Chris McCool was conceived in a barn on the Thornton estate, where his mother, the Protestant Lady Thornton, was seduced by a Catholic accountant. Aristocratic Henry Thornton reacted with fury to his wife’s contamination and informed her that the baby boy must never be brought into the manor. Chris was set up in a rustic cottage and raised by a Catholic zealot, Dimpie McCool; his genteel mother and equally genteel friend Ethel visited him at night. By the time Chris was a teenager, Dimpie and both Thorntons were dead, leaving him with a bunch of chickens and lasting psychic scars. Even though Chris is over 60 when he introduces himself to readers in the opening pages, his focus is on his 24-year-old self, a successful dairy farmer living in the small town of Cullymore. It’s 1969, and Chris just loves the ’60s: the clothes, the hipness, above all the music. Yet something is terribly wrong. Why would Chris visit his mother’s old friend Ethel, climb onto her lap, precipitate her heart attack and leave her unattended? Why would he fantasize that his mother had a perfect little son ensconced in the manor?

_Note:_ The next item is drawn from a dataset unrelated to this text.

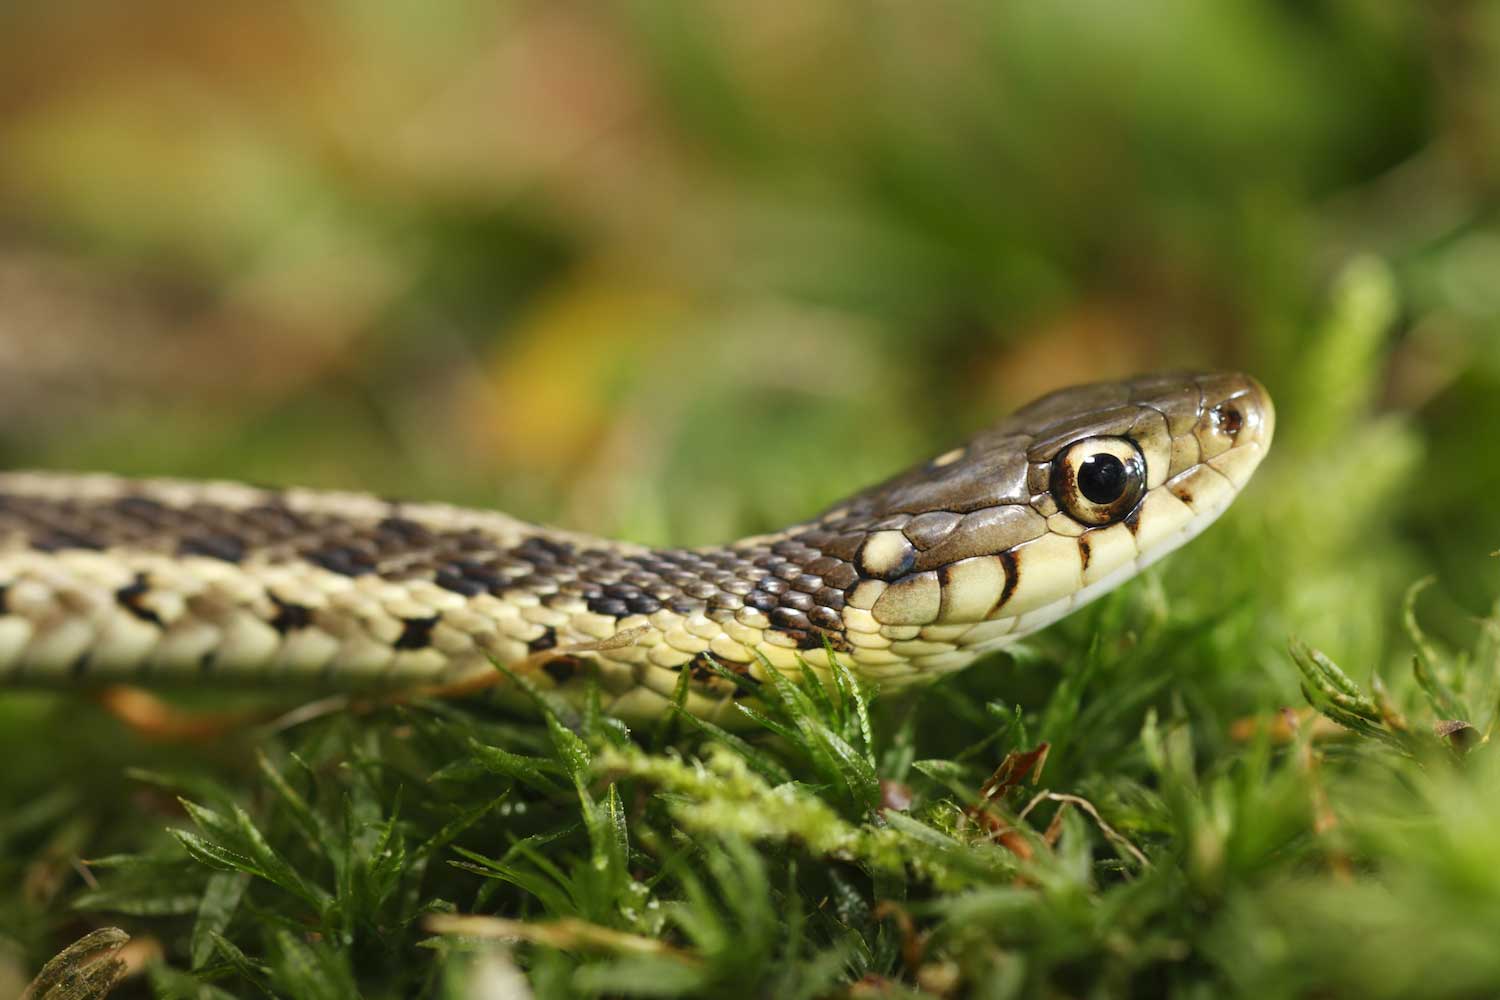 A close-up of a garter snake in grass.
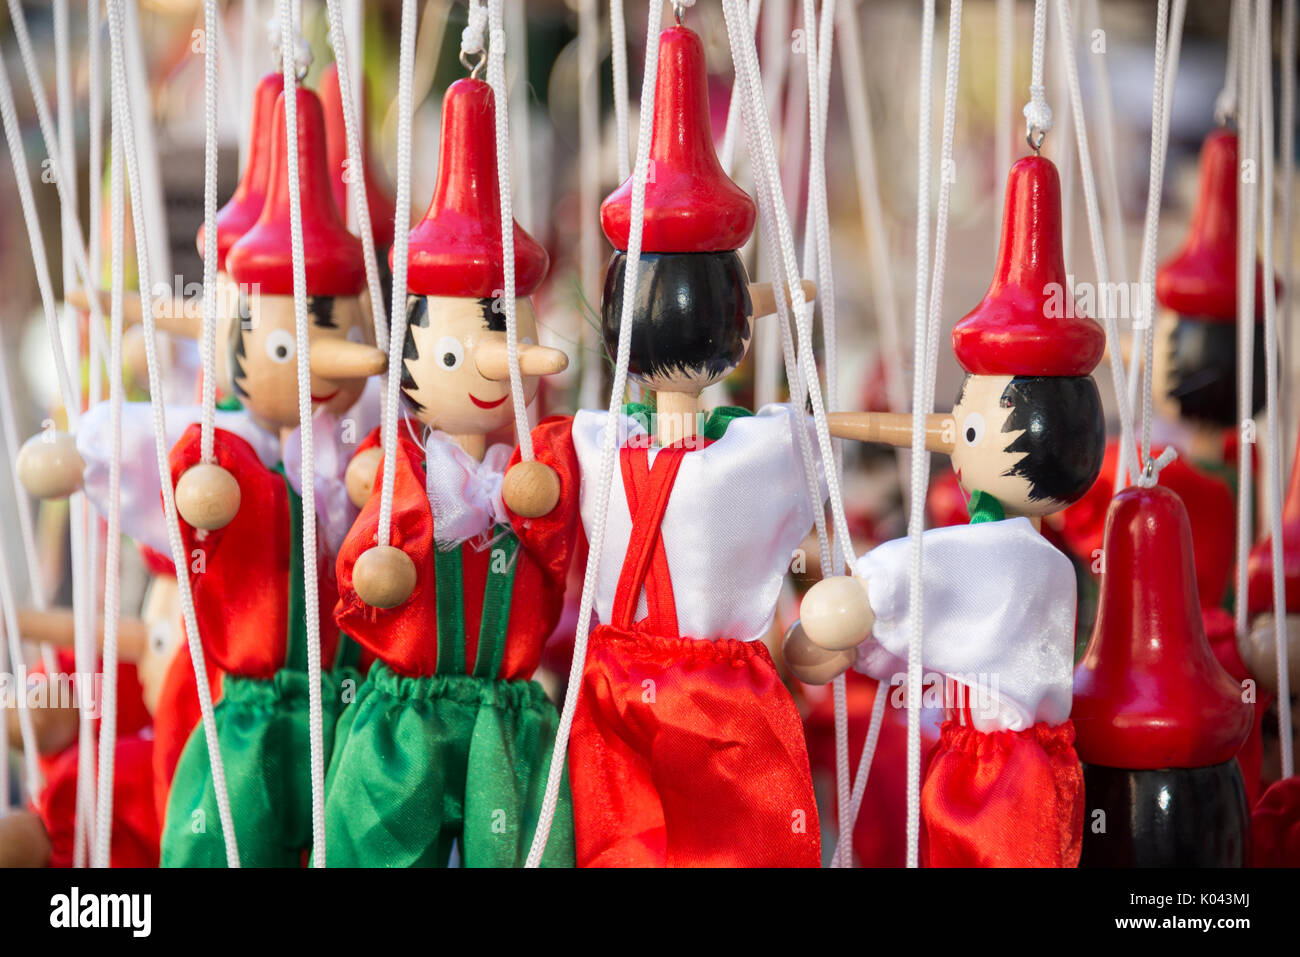 Traditionelle lackiert Rot und Grün Holz- Pinocchio marionette Puppen, Italien Stockfoto

And why, most startlingly, would his obsession with a pious Nigerian high-school student lead him to scrawl racist slurs in the cathedral? His shenanigans lead him to a Hindu shrink and eventually to solitary confinement in a mental hospital. None of this makes much sense, and Chris’s glib, jokey tone doesn’t help: It’s a little off, unconvincing. The furious energy that drove much of McCabe’s previous work is missing; instead we have a dismaying flatness as Chris makes the rounds of his obsessions: the religious divide, blackness, a cherished poetry anthology. It’s a hermetically sealed world, and McCabe has not created credible characters to penetrate it.

The author’s weakest work to date, a waste of his considerable talent.